טכניון מכון טכנולוגי לישראל
הטכניון מכון טכנולוגי לישראל - בית הספר ללימודי מוסמכים  
M.Sc Thesis
M.Sc StudentLevine Nir
SubjectRotting Bandits
DepartmentDepartment of Electrical Engineering
Supervisor Professor Shie Mannor
Full Thesis textFull thesis text - English Version


Abstract

The Multi-Armed Bandits (MAB) framework highlights the trade-off between acquiring new knowledge (Exploration) and leveraging available knowledge (Exploitation), one of the most fundamental trade-offs in stochastic decision theory.

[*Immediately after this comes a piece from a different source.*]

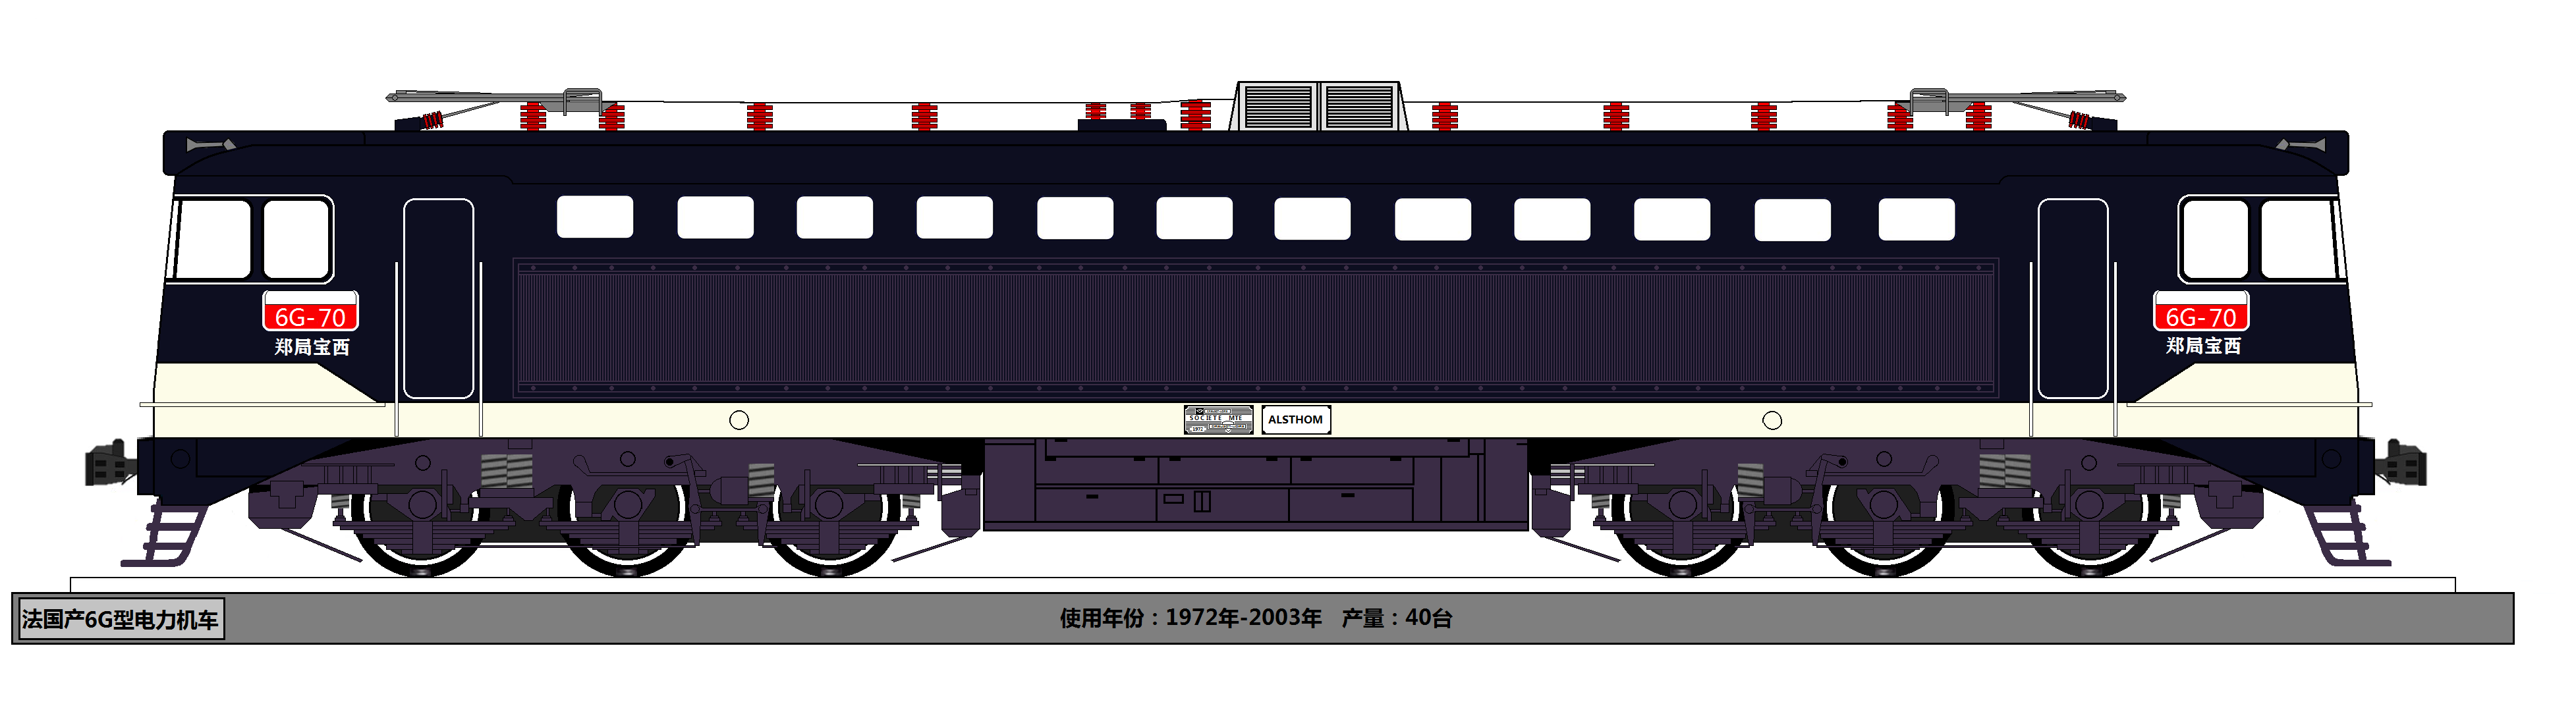 【火车画图贴】s01e02:鱼鱼的机务段——法国nd4型,8k

In the classical MAB problem, a decision maker must choose an arm at each time step from a fixed number of arms, upon which she receives a reward. The decision maker's objective is to maximize her cumulative expected reward, or equivalently, minimize her regret over the time horizon. The MAB problem has been studied extensively, specifically under the assumption of the arms' rewards distributions being stationary, or quasi-stationary, over time. We consider a variant of the MAB framework, which we termed Rotting Bandits, where each arm's expected reward decays as a function of the number of times it has been pulled. We are motivated by many real-world scenarios such as online advertising, content recommendation, portfolio management, crowdsourcing, and more. In this thesis we consider two cases of the Rotting Bandits problem: (1) There is no prior knowledge on the expected rewards, and (2) there is prior knowledge that the expected rewards comprised of a constant part and a rotting part which is known to belong to a set of rotting models. We present algorithms, accompanied by simulations, and derive theoretical guarantees.